Payload replication
Replication is the process of creating a copies of a message that is added to Global Mailbox in a data center. The copies are created in other data centers.
A message constitutes of metadata and payload. Apache Cassandra and replication server are the two components in Global Mailbox that take care of replication. Cassandra replicates message metadata and payload, if the payload size is less than a set threshold. Replication server replicates the payload if the size is more than the set threshold.
Replication not only creates copies of a message, but also synchronizes the copies, so that a change made to a message in one data center is reflected on other data centers.
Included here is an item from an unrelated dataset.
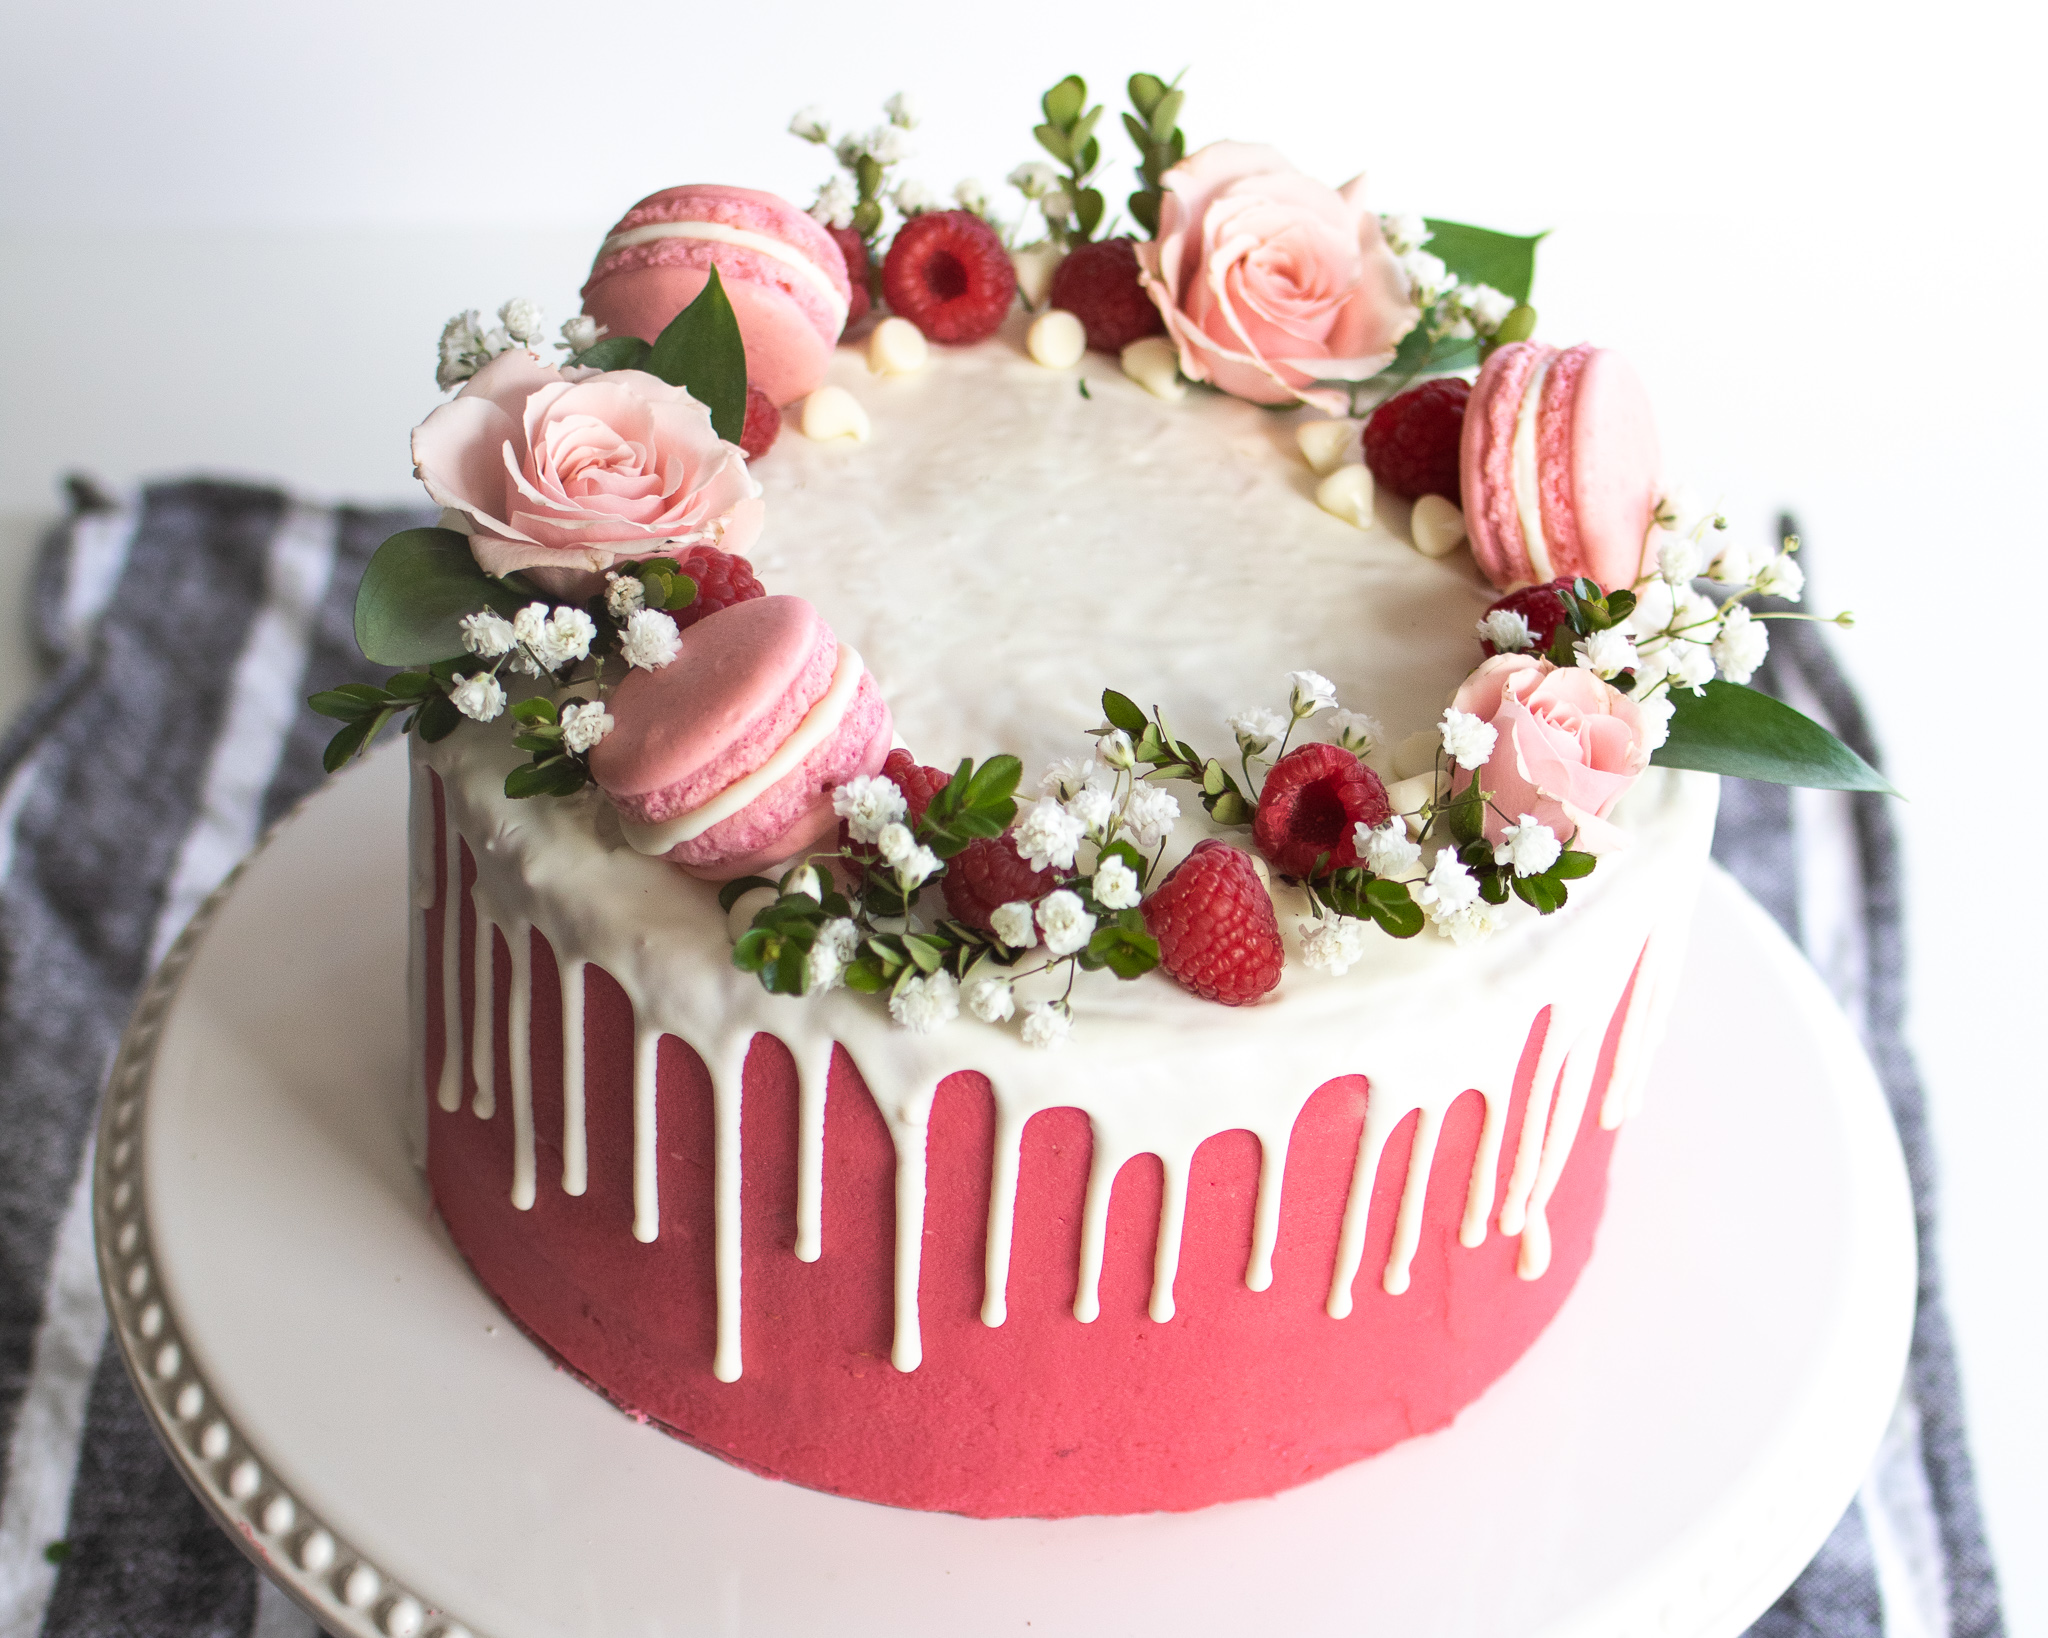 White chocolate & raspberry cake

Replication is required to ensure reliability and fault tolerance. The data that enters the system must be replicated on multiple nodes and data centers, so that it can be retrieved when required, even if one of the data centers or nodes is not available. In an active-active data center configuration, replication plays important role of maintaining data consistency.
Replication types
A Global Mailbox system can be configured for either immediate (synchronous) or delayed (asynchronous) replication. In immediate replication, receipt of a message is not acknowledged until the message is replicated in another data center. In an delayed replication, receipt of a message is acknowledged before the message is replicated.
Immediate replication takes a longer time to complete, as the data must be replicated on another data center before responding to the trading partner. Immediate replication might affect performance to some extent.
Delayed replication (default) does not require the data to be replicated on another data center before responding to a trading partner, resulting in quicker response and performance. However, data across all the data centers might be less consistent. For example, there might be outage in a data center before the delayed replication completes, resulting in inconsistency in data. A trading partner user might not be able to view the acknowledged message on the other data center. You must thoroughly understand the business requirements before you configure the replication type.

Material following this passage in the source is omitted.